Well this Guardian commentator (at http://www.guardian.co.uk/tv-and-radio/2010/aug/17/how-get-a-star-review ) doesn't agree with you. In our state "education" system, when it comes to a battle between luvvies and irredeemable, polically motivated ignorance, ignorance wins every time.

Alas, Ms. Mahoney only gains a'C-' from me! Apart from anything else, her English is clumsy and thoughtless:

"It all went a bit awry, though, when she wheeled in her two guinea pigs"

'A bit awry'? It's either awry or not.

And does one 'wheel in guinea pigs'? I think not.

I bet she has a First in English from one of our finer universities, Doncaster, or Milton Keynes, perhaps.

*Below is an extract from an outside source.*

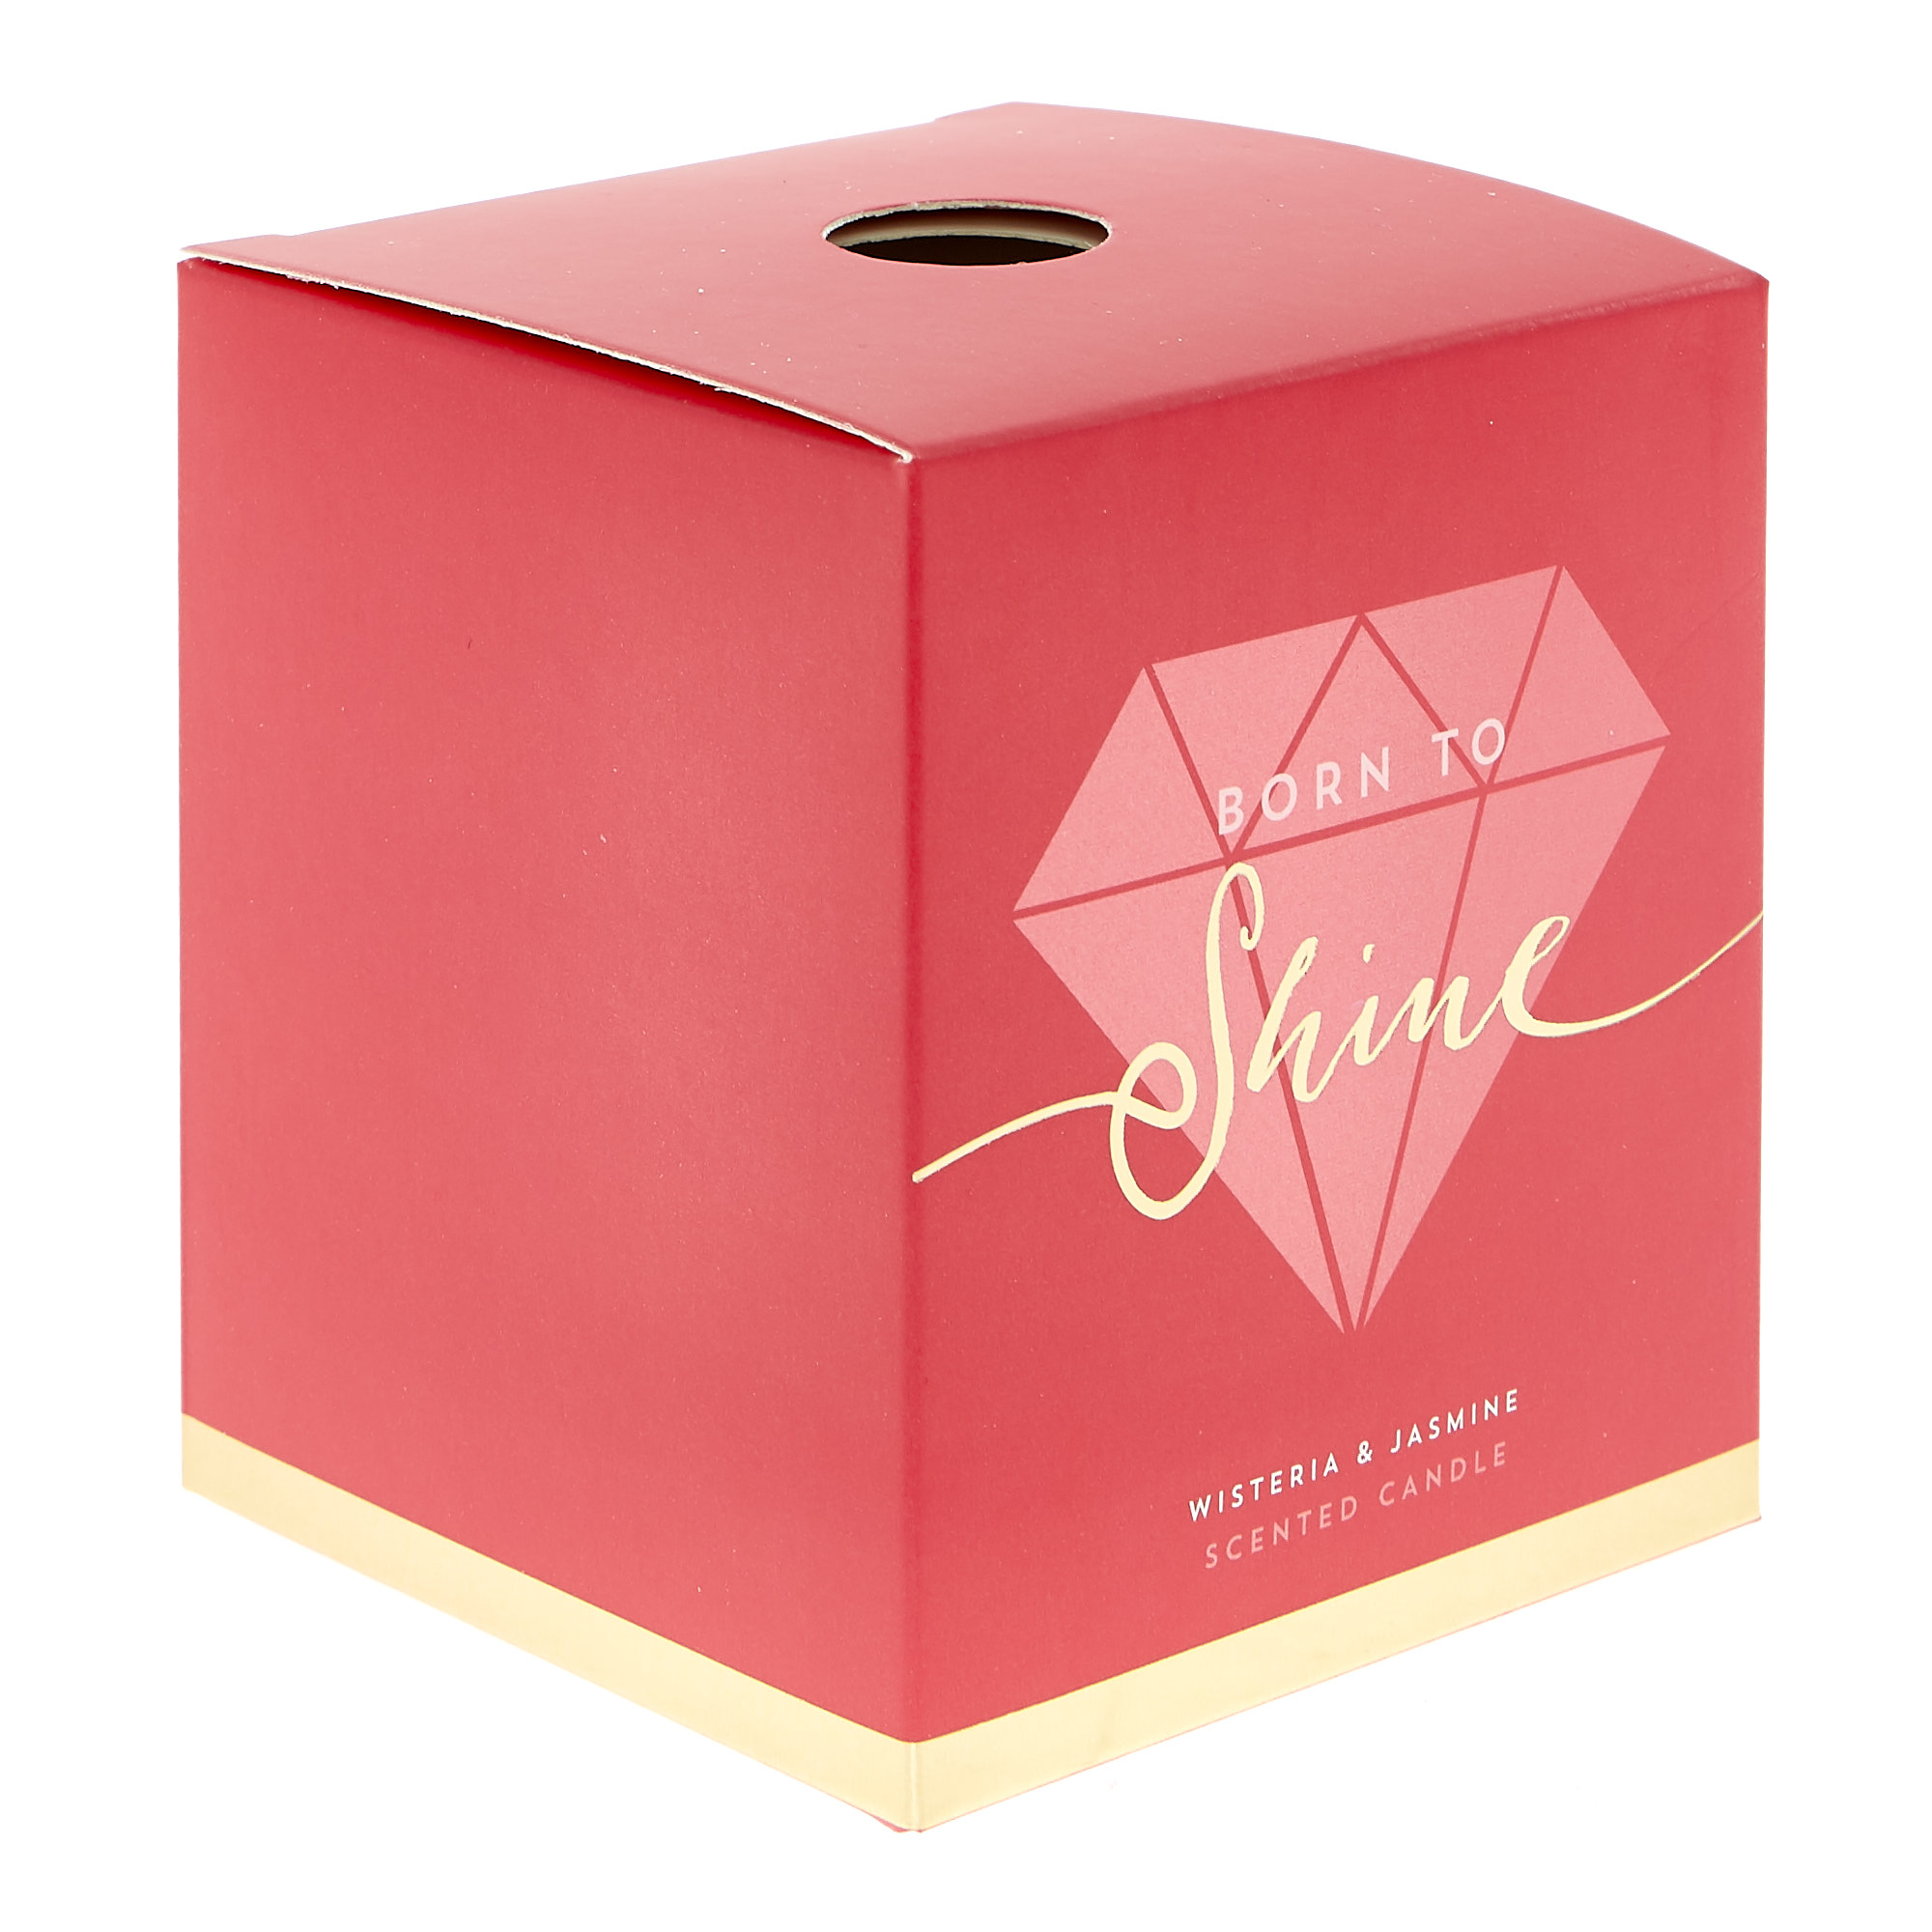 Born to Shine Boxed Candle
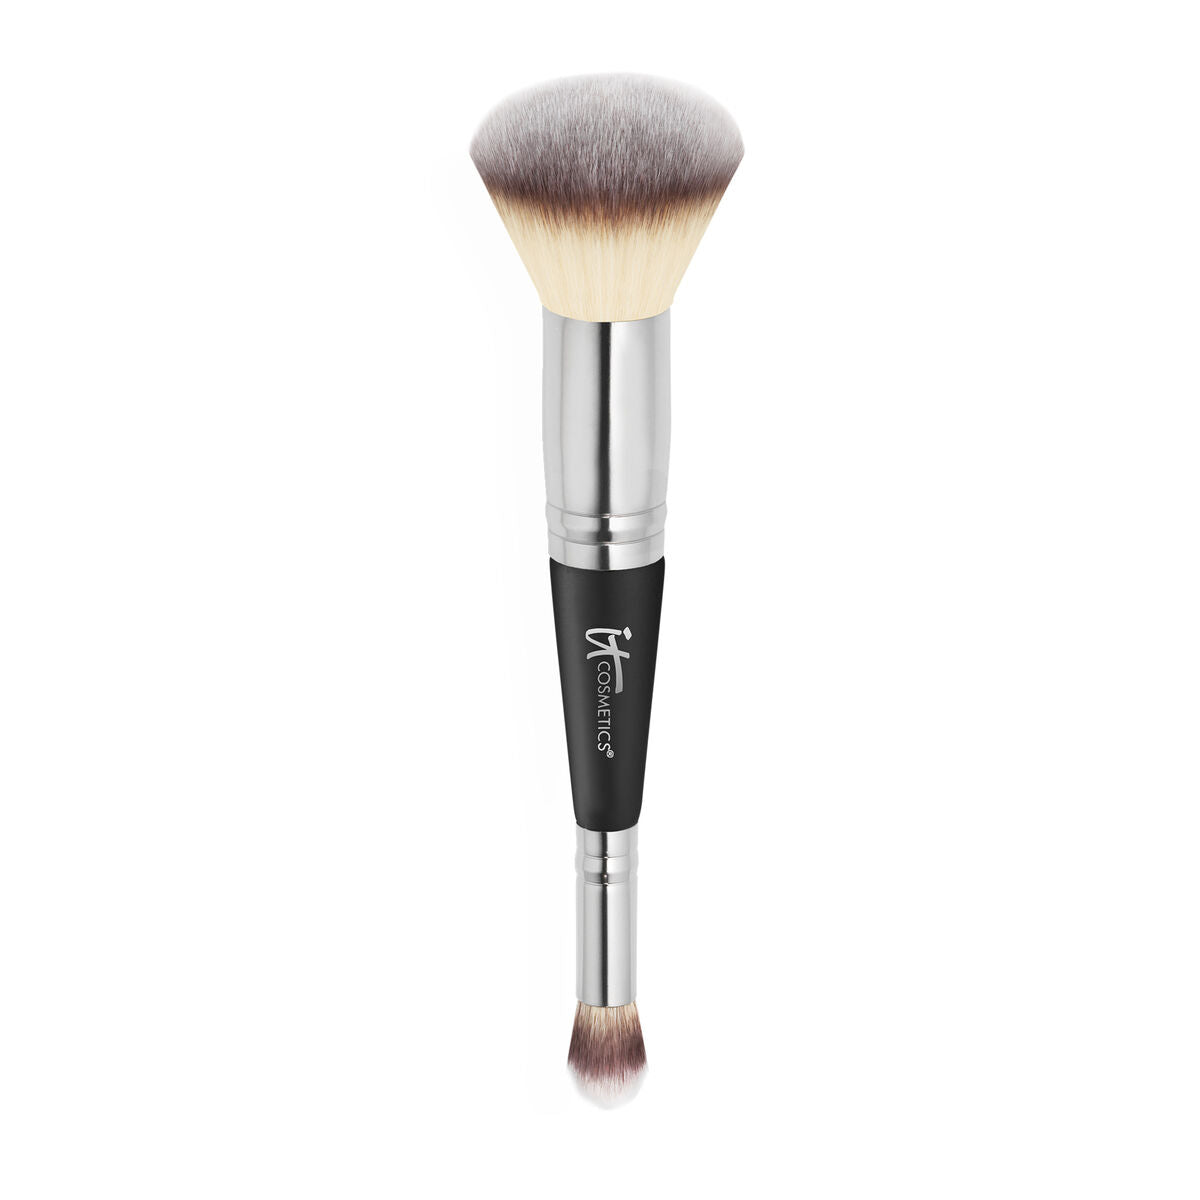 Make-up base brush It Cosmetics Heavenly Luxe (1 Unit)-0

Of course this perspective is from your cousins across the sea but it may help in 'splaining:

http://www.beloit.edu/mindset/

I read this article and concluded that, easy as the exams have become, you still get penalised for failing to answer the question. Ms Stubbs then attempts to obfuscate by bemoaning the narrowness of the examiners for failing to give credit for a load of irrelevant (and probably pretentious) waffle.

Sorry, 'H', can't agree. I suspect that perhaps you are of a scientific or technological bent rather than English drama. The question Trevor Nunn was asked came from a recent exam paper and was as follows: Hamlet avenges his mother rather than his father: how far and inwhat ways do you agree?"

There is no objectively correct answer to that question. You simply have to know the text well enough to deduce any sub-text and support your argument accordingly. I think the 'answer' is 'no' but were I an examiner I would look favourably upon any candidate who put forward a cogent argument in favour provided it was supported by text. In other words, it is not for the examiner to seek confirmation of his or her theory, only to ensure that the candidates display a thorough knowledge of the text.